The search found 50 unique articles; twenty articles were examined considered further for eligibility, while the remaining 30 did not meet the requirements. Three articles were duplicate publications, and two studies were inconclusive, leaving 15 articles to be included in this review. Thirteen articles included patients diagnosed with ADHD and two studies related to hyperkinetic disorder and Autism Spectrum Disorder evaluated the QbTest in medication treatment.

Qbtest uses a high-resolution motion tracking system alongside a computerized “Go/No-Go” paradigm for children. With this paradigm, participants press a handheld responder button every time a circle appears on-screen and withhold a response when a cross appears in front of the circle.

The process differs for adolescents and adults. In this instance, a one-back task featuring four types of stimuli is presented; the target stimulus is defined as the stimulus that is identical in shape and color to the one preceding it. An infrared camera tracking the reflection path that is attached to the center of the participant’s forehead measures physical activity during the test.

The elements of the test are visually displayed in a report that provides information on each of ADHD’s symptom domains (QbActivity, QbInattention, QbImpulsivity). Then, summary scores of each participant are gathered—based on deviations from a normative dataset based on age group and gender.The QbTest is able to separate and evaluate the primary disorder on a behavioral level. The results from the test are presented as raw scores as well as percentiles and Q-scores that are calculated using an age- and gender-adjusted norm group.

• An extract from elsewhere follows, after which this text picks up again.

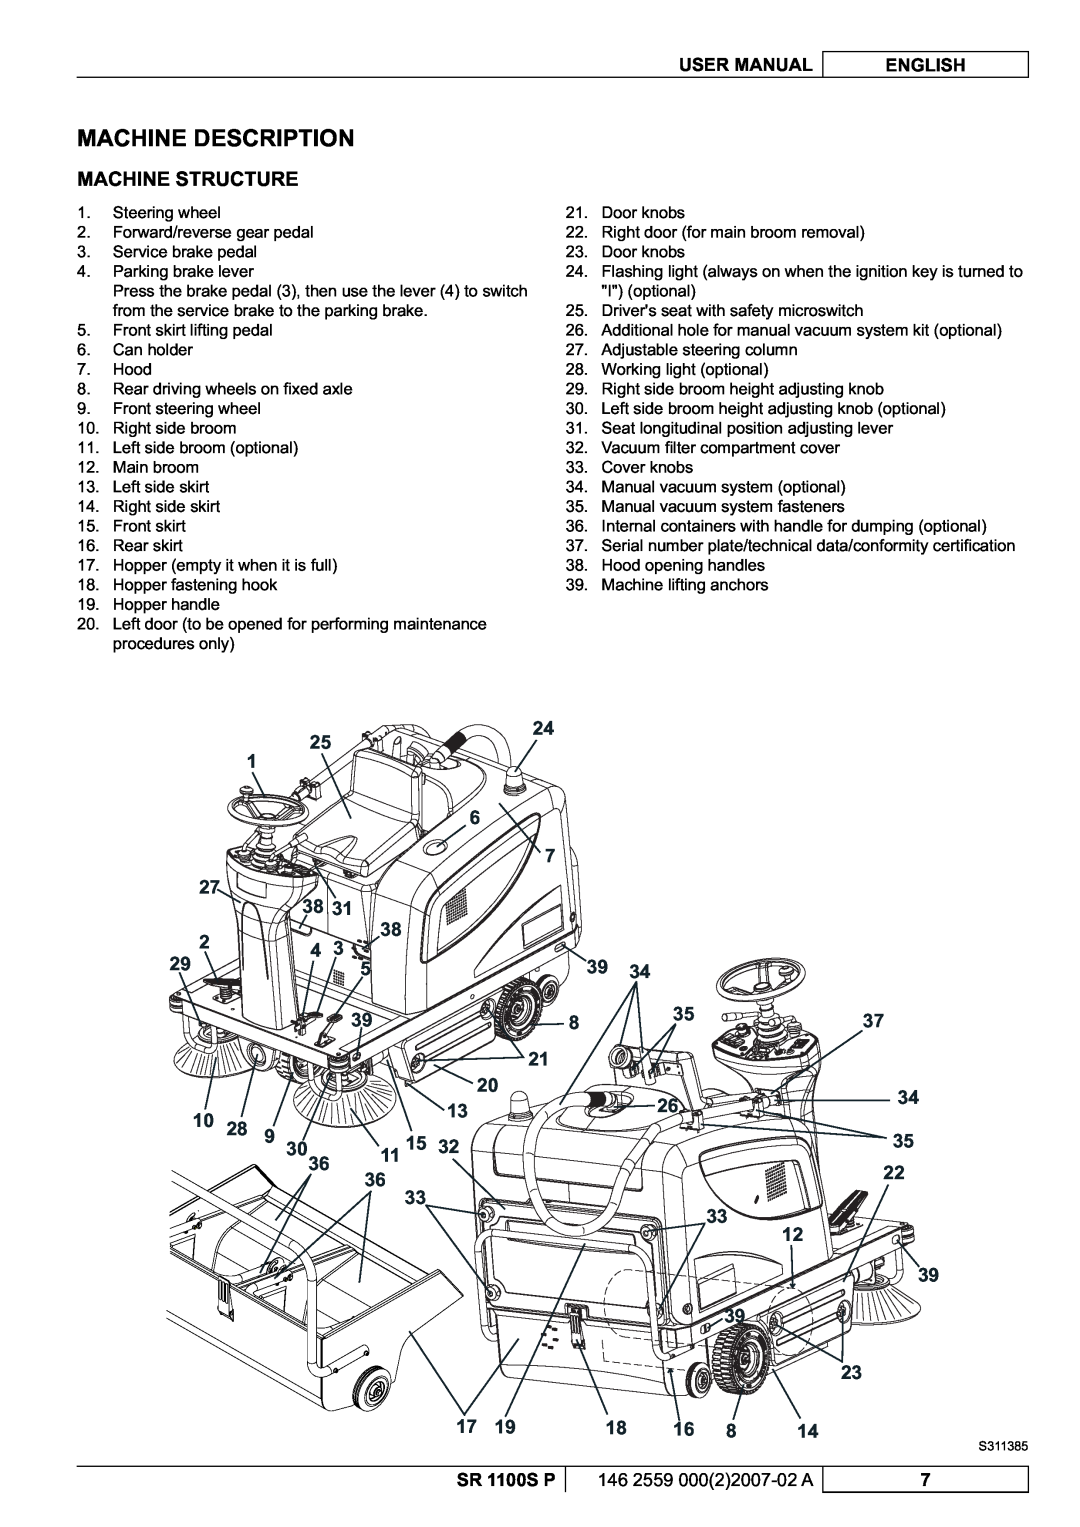 Nilfisk-Advance America SR 1100S manuel dutilisation Machine Description, Machine Structure, 39 39 23

After examining the aforementioned studies, the number of patients in each study ranged from 30-364, an amount that could be considered an acceptable sample size for diagnostic evaluation.Meanwhile, ages of the participants ranged from 6 to 61 years. Geography-wise, the majority of the studies were performed in Europe, except one study that was completed in the United States. Per the authors’ review, methylphenidate was found to be the most common medication, with 12/15 analyzed studies confirming this finding.

Four studies presented statistically significant reductions in total Q-score, whereas three studies found a statistically significant improvement collected from the size estimates.In six studies, a statistically significant enhancement was found in QbTest variables or cardinal domains after medication treatment. In one study, the total Q-score was lowered but did not qualify as statistically significant because the QbTotal data were calculated manually, and another study showed the total Q-score did not change.

Overall, said the authors, “a decrease in QbTest Q-scores in the clinical magnitude range was found in the majority of the studies when treated with any type of ADHD medication in therapeutic doses, both in comparison to placebo and compared from baseline to endpoint treatment. This pattern was seen both in short-term (over course of a day) and in long-term (≥ one year) studies. Based on these findings, our conclusion is that QbTest can distinguish medication treatment effects within hours of dosing and can also be used as an aid in the monitoring of long-term treatment of ADHD.”

Reference

1. Gustafsson U, Hansen, M. QbTest for Monitoring Medication Treatment Response in ADHD: A Systematic Review. Clinical Practice & Epidemiology in Mental Health. doi.org/10.2174/0117450179276630231030093814. Published November 3, 2023. Accessed January 8, 2024.